A more pythonish code

John Posner jjposner at optimum.net
Thu Feb 25 18:57:14 CET 2010


On 2/25/2010 7:23 AM, prasad_chand wrote:
> Hi,
>
> I use python to do simple math problems as a hobby.
>
> I have made a program that finds the number of divisors(factors) of a
> given number. I am hoping to improve my language skills, specifically
> I would like to re-write the function "prime_factors" more gracefully.
> While the program works right, I am hoping that I could get some input
> on how to write better python code. I have attached the code below.
>
>
> def prime_factors(n):
>      """
>      Reduce a number to its prime factors. e.g. 48 is 2^4,3^1 (add (4+1)
> (1+1) = 10)
>
>      Updates a global dictionary(my_dict) with prime numbers and number
> of occurances.
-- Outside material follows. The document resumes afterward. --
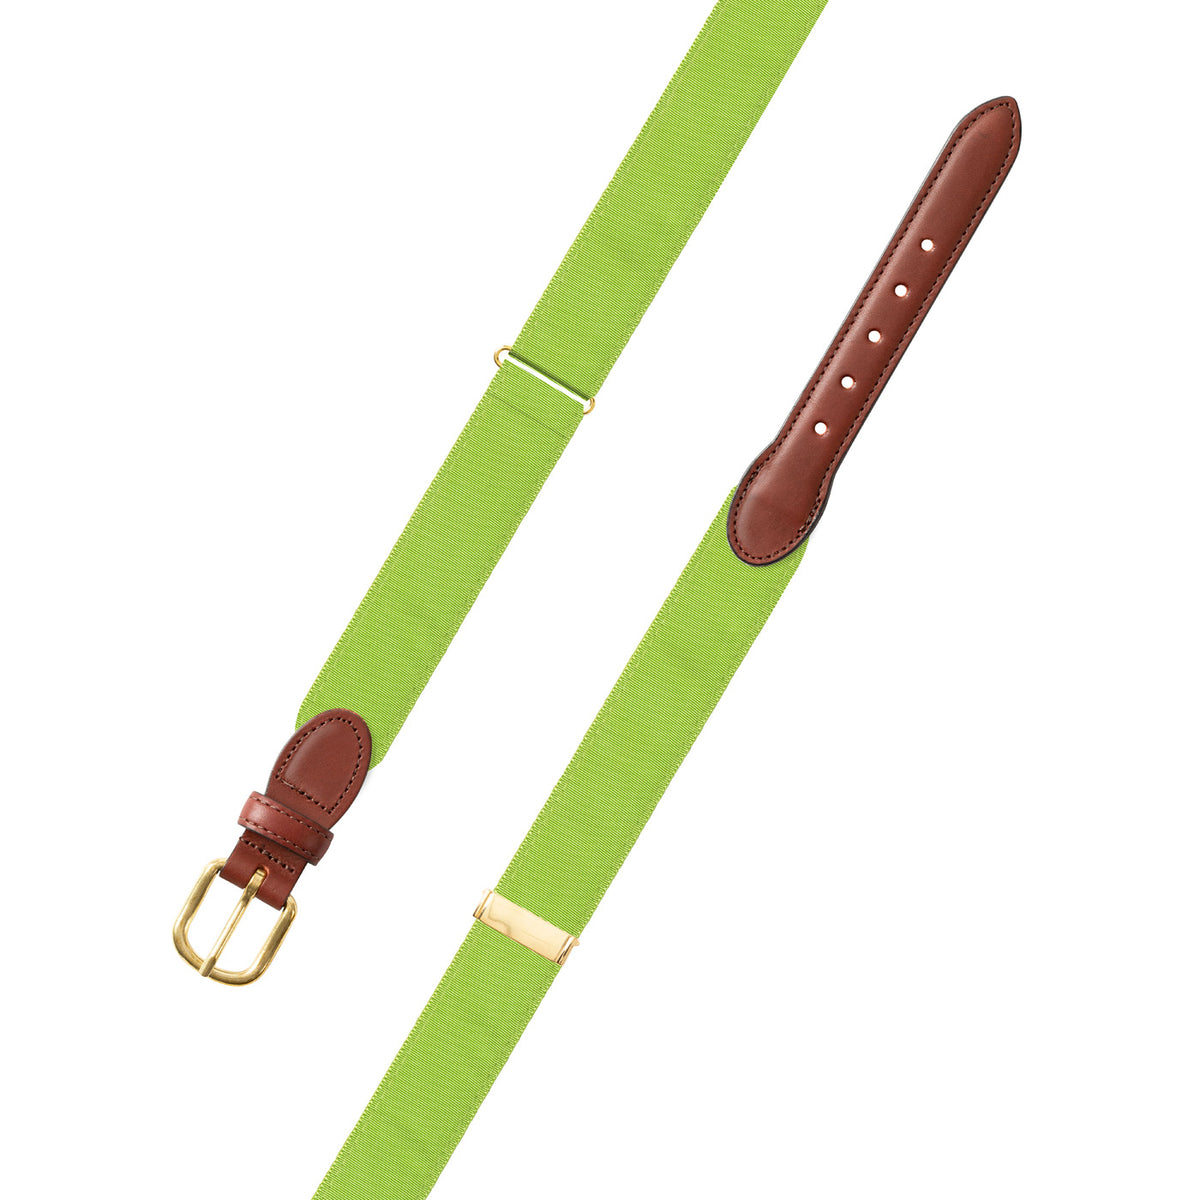 Adjustable Grass Green Grosgrain Belt with Brown Leather Tabs

In the case of 48 {2:4,3:1}
>
>      """
>      tmp_n = n

A name meaning "temporary value of n" doesn't suggest how it's being 
used in the algorithm. In my implementation (see below), I used the name 
"last_result", which is (a little bit) better.
>
>      while True:
>
>          if tmp_n == 1:
>              break
>
>          tmp_check = tmp_n
>
>          for x in range(2,int(ceil(sqrt(tmp_n)) + 1)):
>              if tmp_n % x == 0:
>                  add_to_dict(x)

This function changes the value of a global variable, *my_dict*. Using 
global variables is frowned upon. In this case, it would be much better 
to have the dictionary be local to the *prime_factor* function. After 
you've broken out of the *while* loop, just execute "return my_dict".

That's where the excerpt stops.